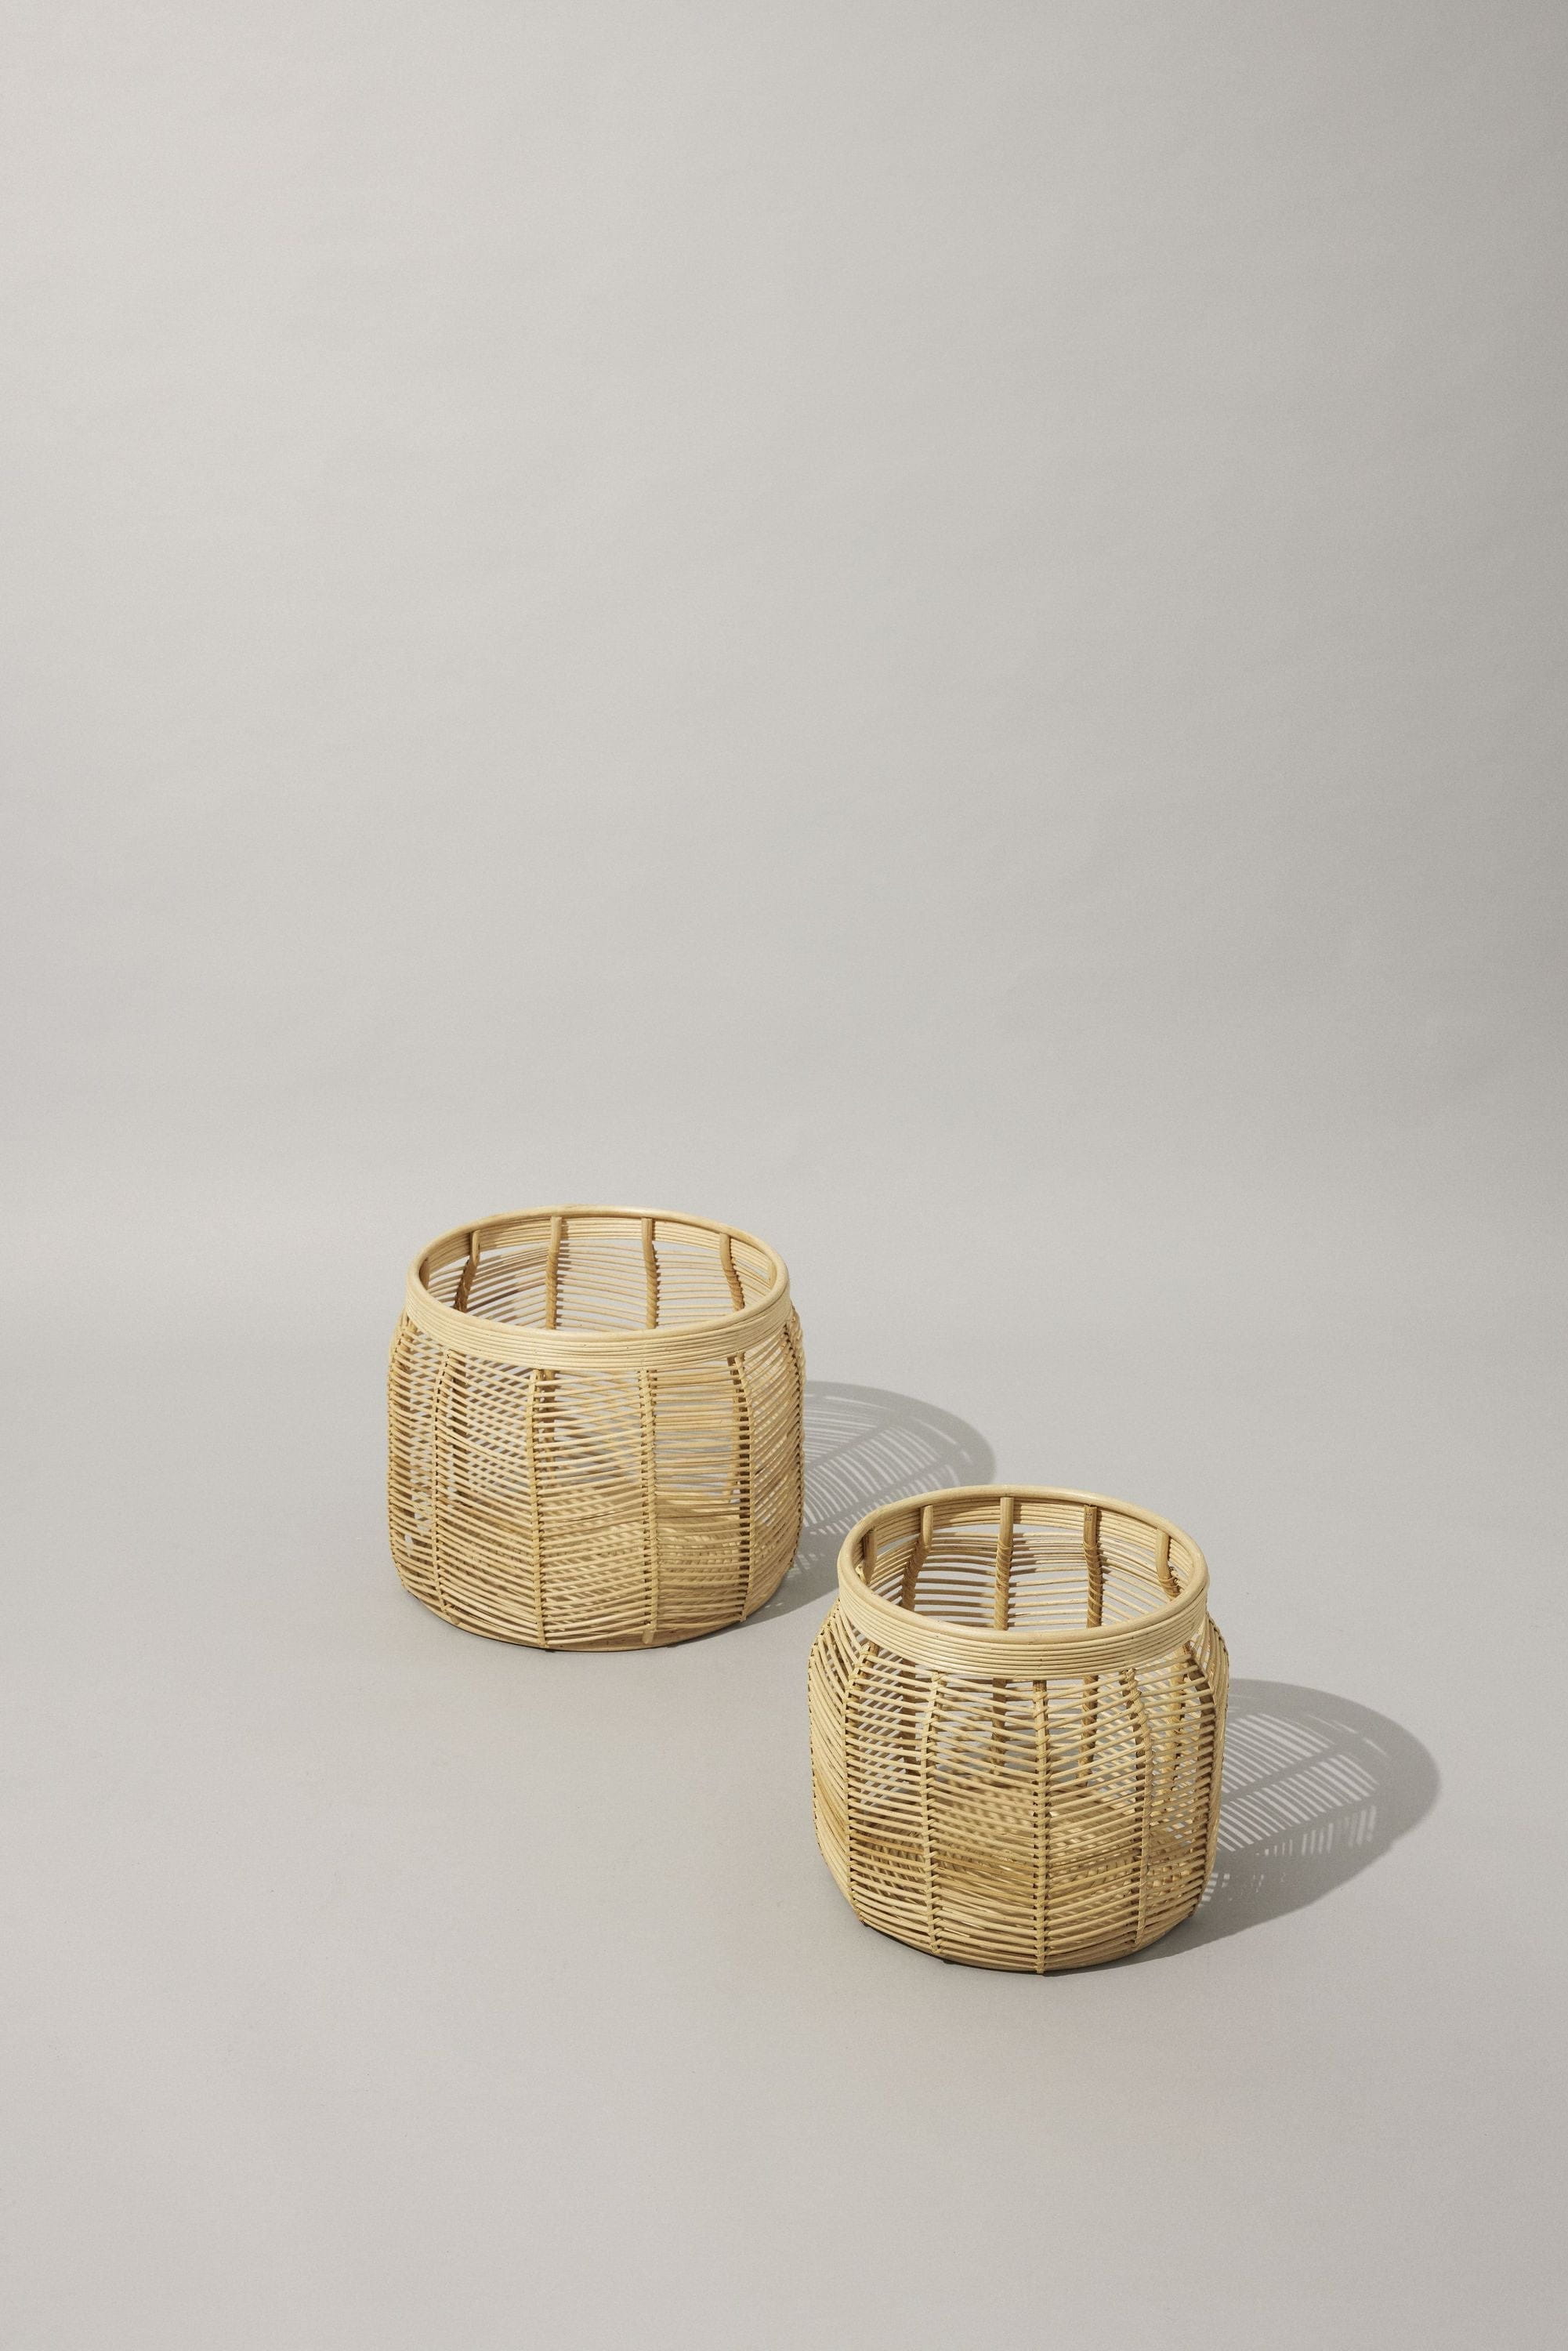 Hübsch Luna Basket Nature Set Of 2
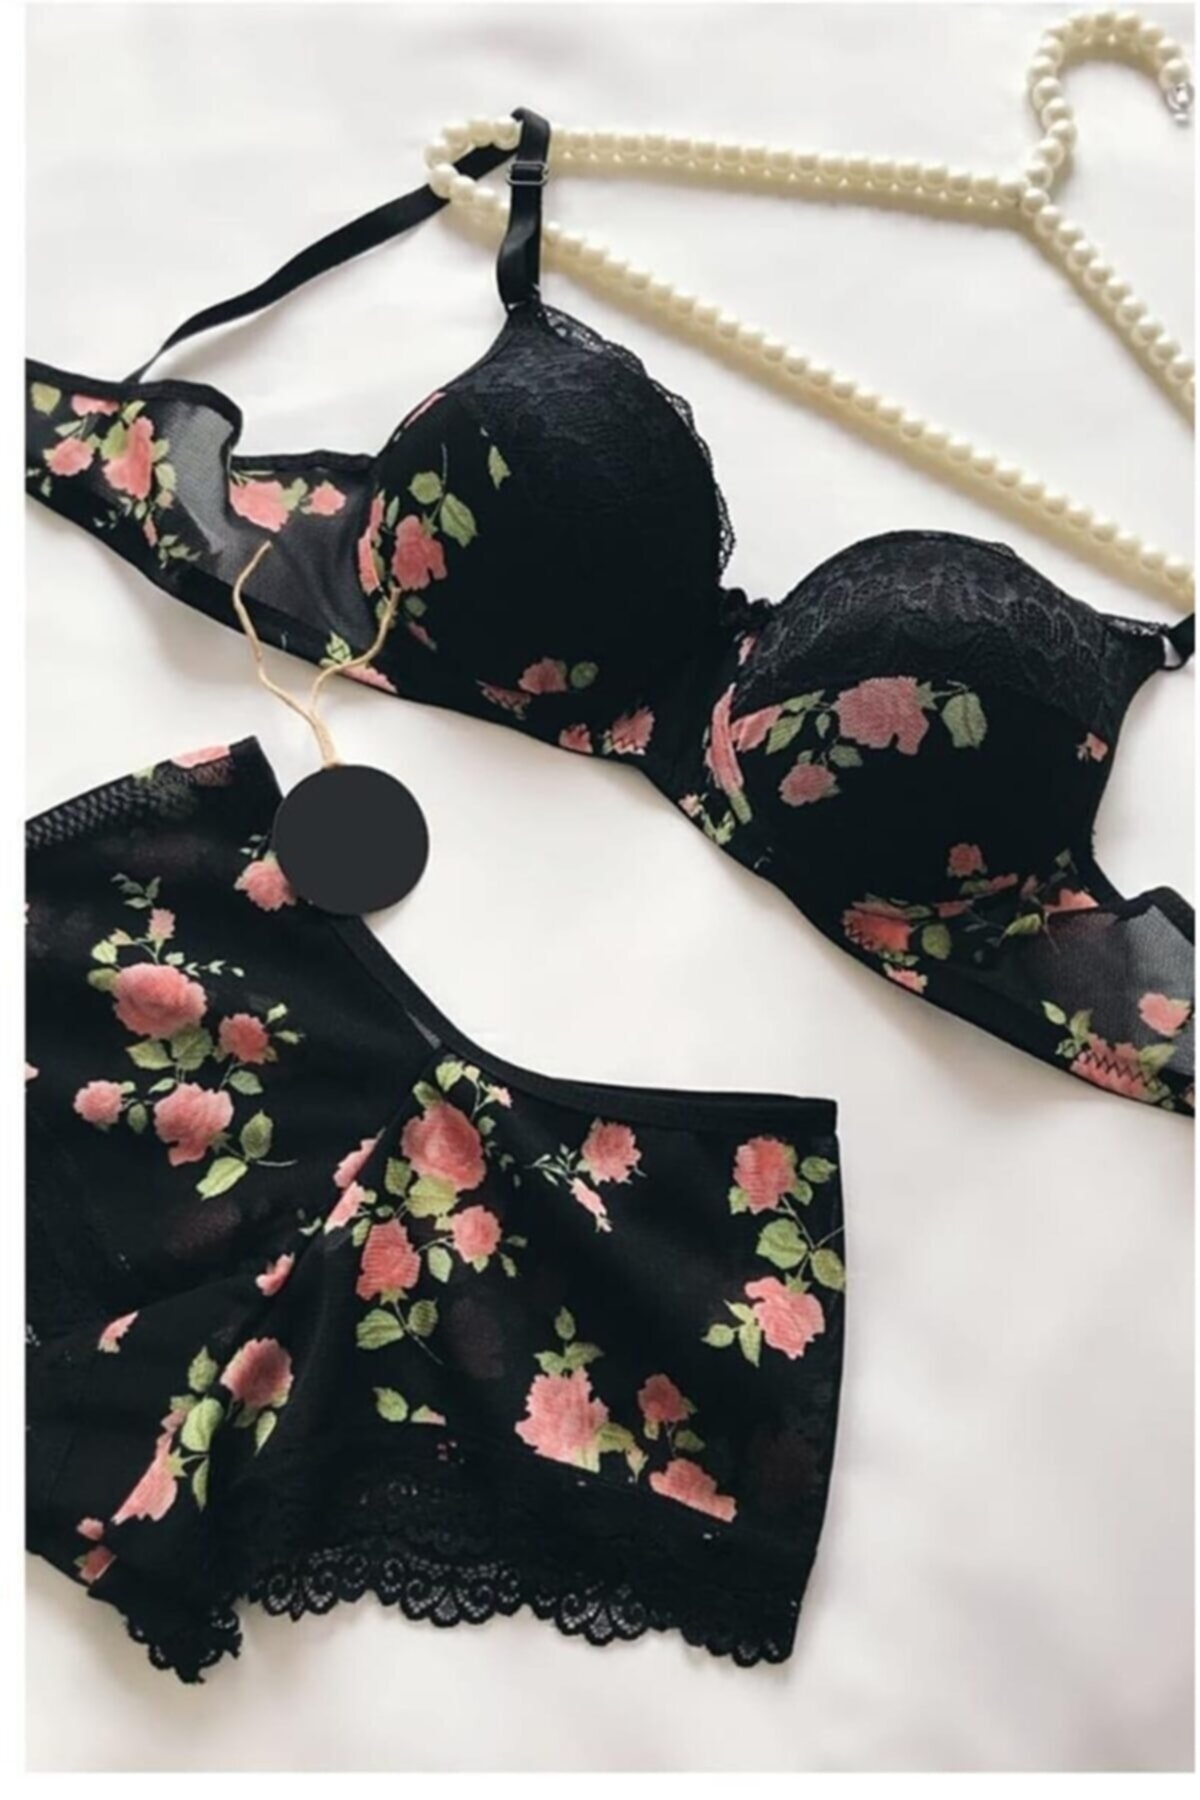 NurPeri İç Giyim Kadın Dolgulu Destekli Pembe Çiçek Desenli Siyah Boxer Tip Iç Çamaşır Takımı
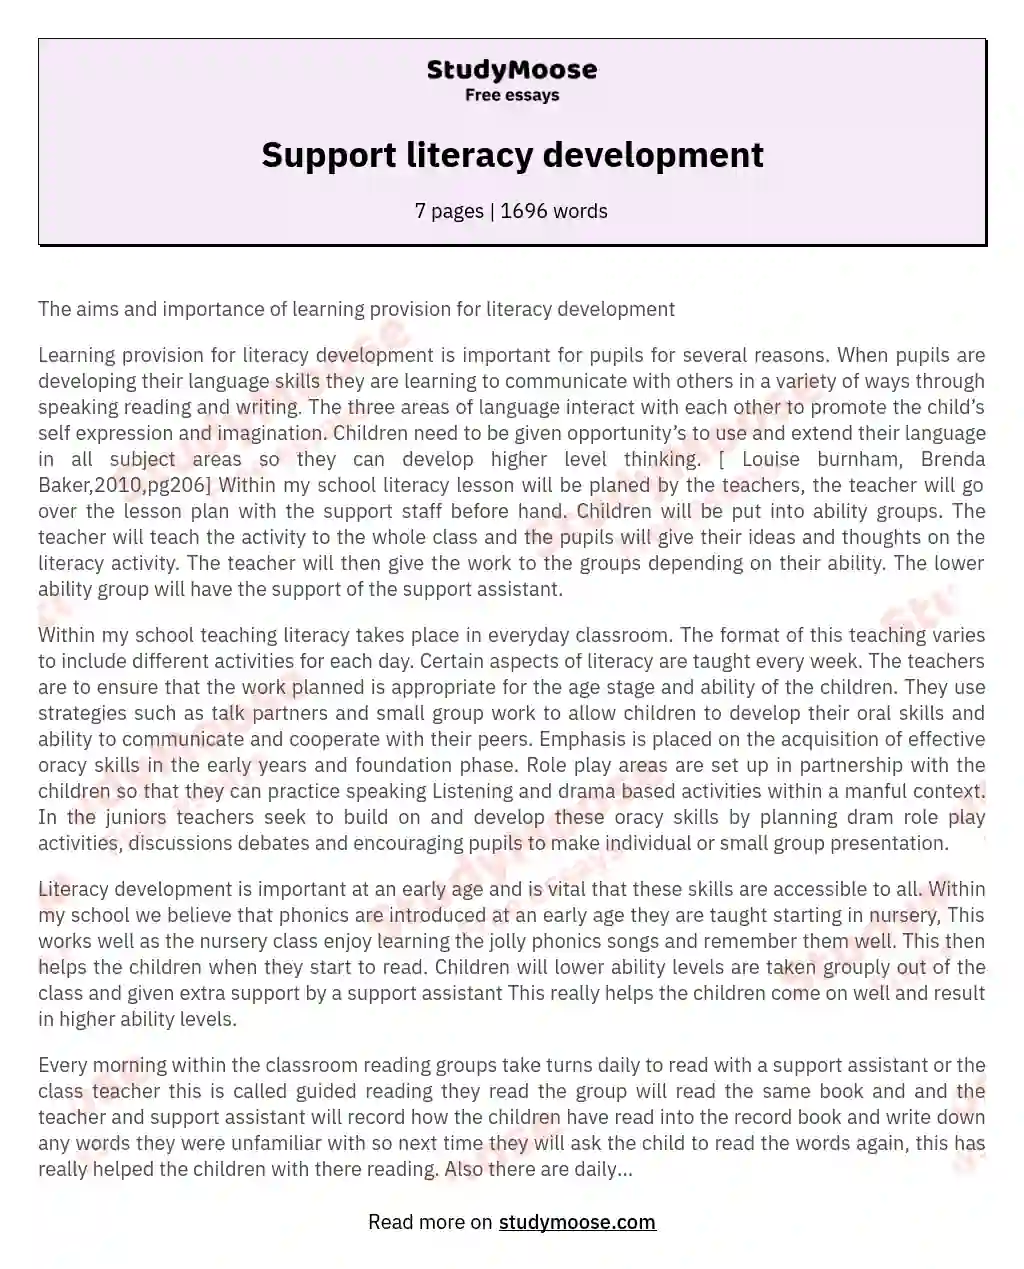 Support literacy development essay
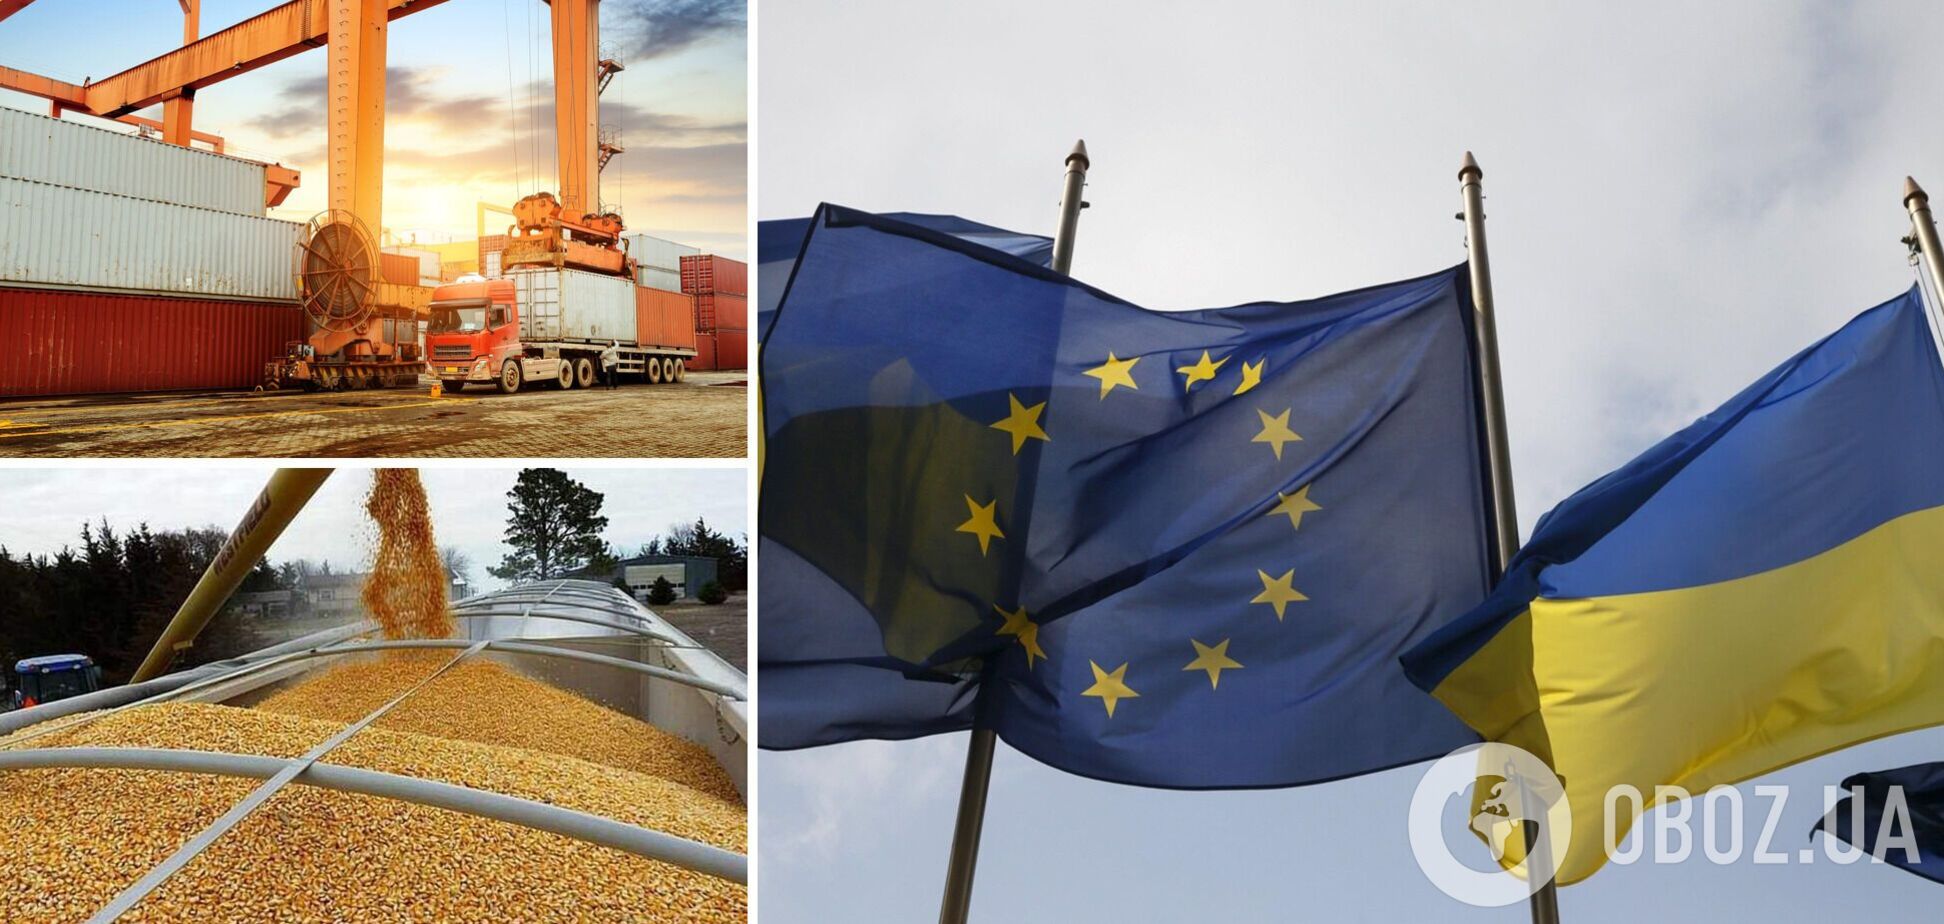 ЕС завершает разработку плана по сухопутному экспорту украинского продовольствия

TASK GOAL: The response must restate each line of the material above exactly and contain no images.

WRITTEN REPLY:
 Hübsch Luna Basket Nature Set Of 2
 NurPeri İç Giyim Kadın Dolgulu Destekli Pembe Çiçek Desenli Siyah Boxer Tip Iç Çamaşır Takımı
 Support literacy development essay
 ЕС завершает разработку плана по сухопутному экспорту украинского продовольствия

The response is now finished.